The review came about after a shareholder group threatened a vote on RIM’s corporate governance structure at RIM’s AGM. In particular the concern was that the two founders (and largest shareholders) were also the co-chairman and chief executives.
The results of the review were largely expected but, interestingly, the review itself doesn’t give any real analysis of the advantages and disadvantages of splitting the role. This would have seemed to obvious point for the committee to consider. Instead the review weighed up the pressure from RIM’s Canadian shareholders (Canada has a similar approach on this issue to the UK) against the approach of the US where RIM’s largest market is and hence its competitors. The review decided that “strong opposition to non-independent chairs in Canada should outweigh the other considerations”.
This suggests that, though there was no explicit analysis, the governance committee assumed that splitting the role of chairman and chief executive may have RIM’s competitiveness in the US as its competitors would be able to retain a joint role. Quite a controversial view to present without any reasoning, especially as Apple, one of RIM’s largest competitors, recently appointed a stand-alone chairman.
It is a shame that the corporate governance review didn’t even attempt to weigh up the advantages and disadvantages of the two systems so instead, I will have a go.
Which system is better?
The first thing to say is that there is relatively little clear evidence about whether it’s better to have an independent chairman or a combined chief executive and chairman.[ref]For these purposes I will look at the extreme situations and ignore the third option of a separate non-independent chairman[/ref] The following is therefore based just on my own views and opinions so please do let me know if you disagree.
A single powerful chairman/chief executive has served many companies well. RIM itself had the approach because its two very successful founders had taken the company to great heights with the model. Steve Jobs would be another very obvious example (though he wasn’t the chairman, there was no chairman of Apple while he was in charge) whereby a strong but largely unaccountable leader made a huge success of a company.
However, away from the superstars, what little empirical evidence there is suggests that there is little difference in the valuation of companies whether they have a joint chair/CEO or whether they separate the roles. The original justification for separating the role was the increased oversight that an independent chair can bring to the board. The Cadbury report in the UK recommended splitting the role for this reason and in the US it is similarly a string of scandals at companies the combine the roles that has triggered recent changes; notably Enron, News Corporation, Total and Tyco. Yet the importance of this is probably overplayed, when the same oversight can probably be provided by a strong lead independent director.
In my view, the starting position for a company should be to have a strong independent chairman but this should only be the starting point. Sometimes, the skills and strengths of a particular candidate can and should overrule this position. This is why I think RIM has got it wrong in mandating an independent chairman in their governance documents. It prohibits the company from taking advantage of certain candidates and limits their flexibility going forward.
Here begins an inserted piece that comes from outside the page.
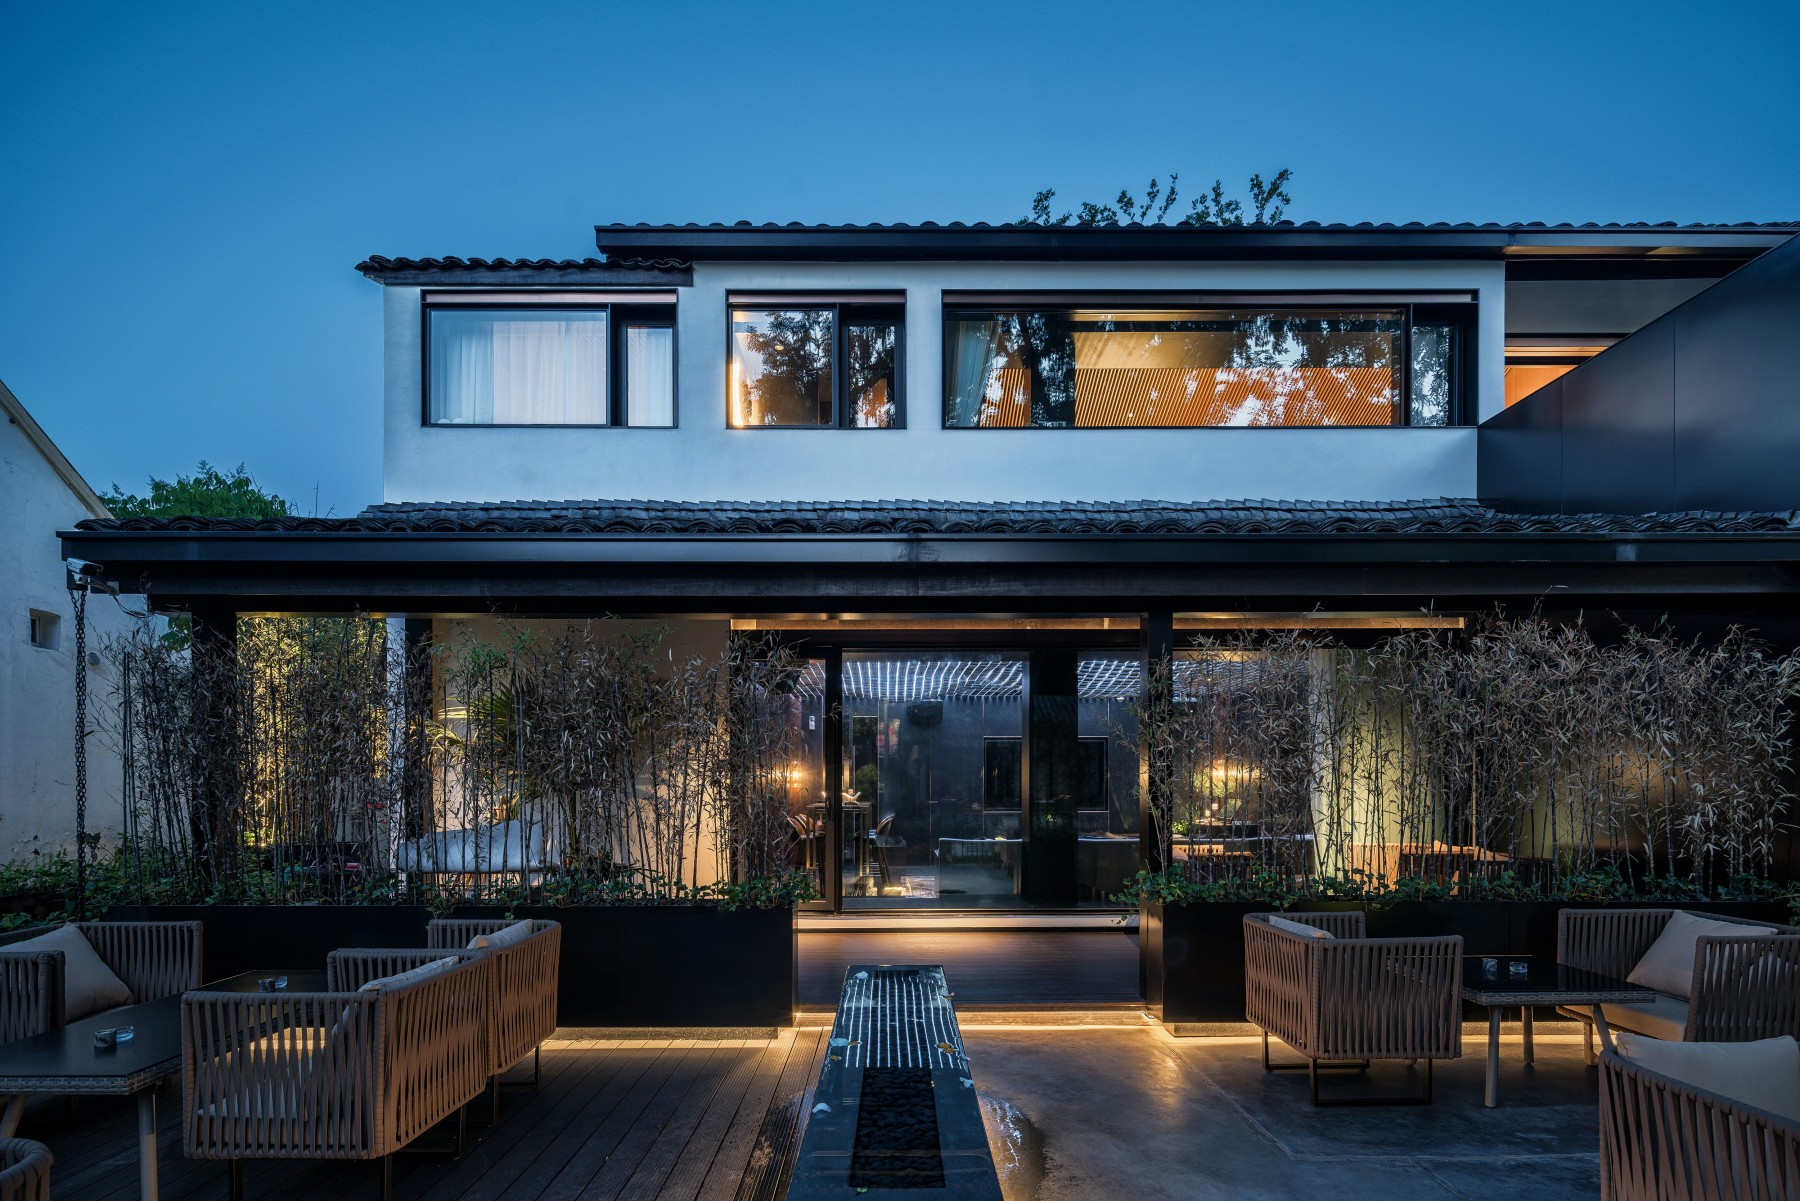 outdoor lighting - Tim Kyle

Good corporate governance is a philosophy and a way of working that companies need to adopt and not a series of tick boxes. This is a fundamental point, but one that is all too often forgotten in the heat of an argument. Those corporate governance activists that want to mandate companies to have independent chairman are forgetting this principle. Companies should be able to appoint the same person to both positions of have non-independent chairman as long as they can and do explain to their shareholders the reasons for this and how the necessary checks and balances will be maintained.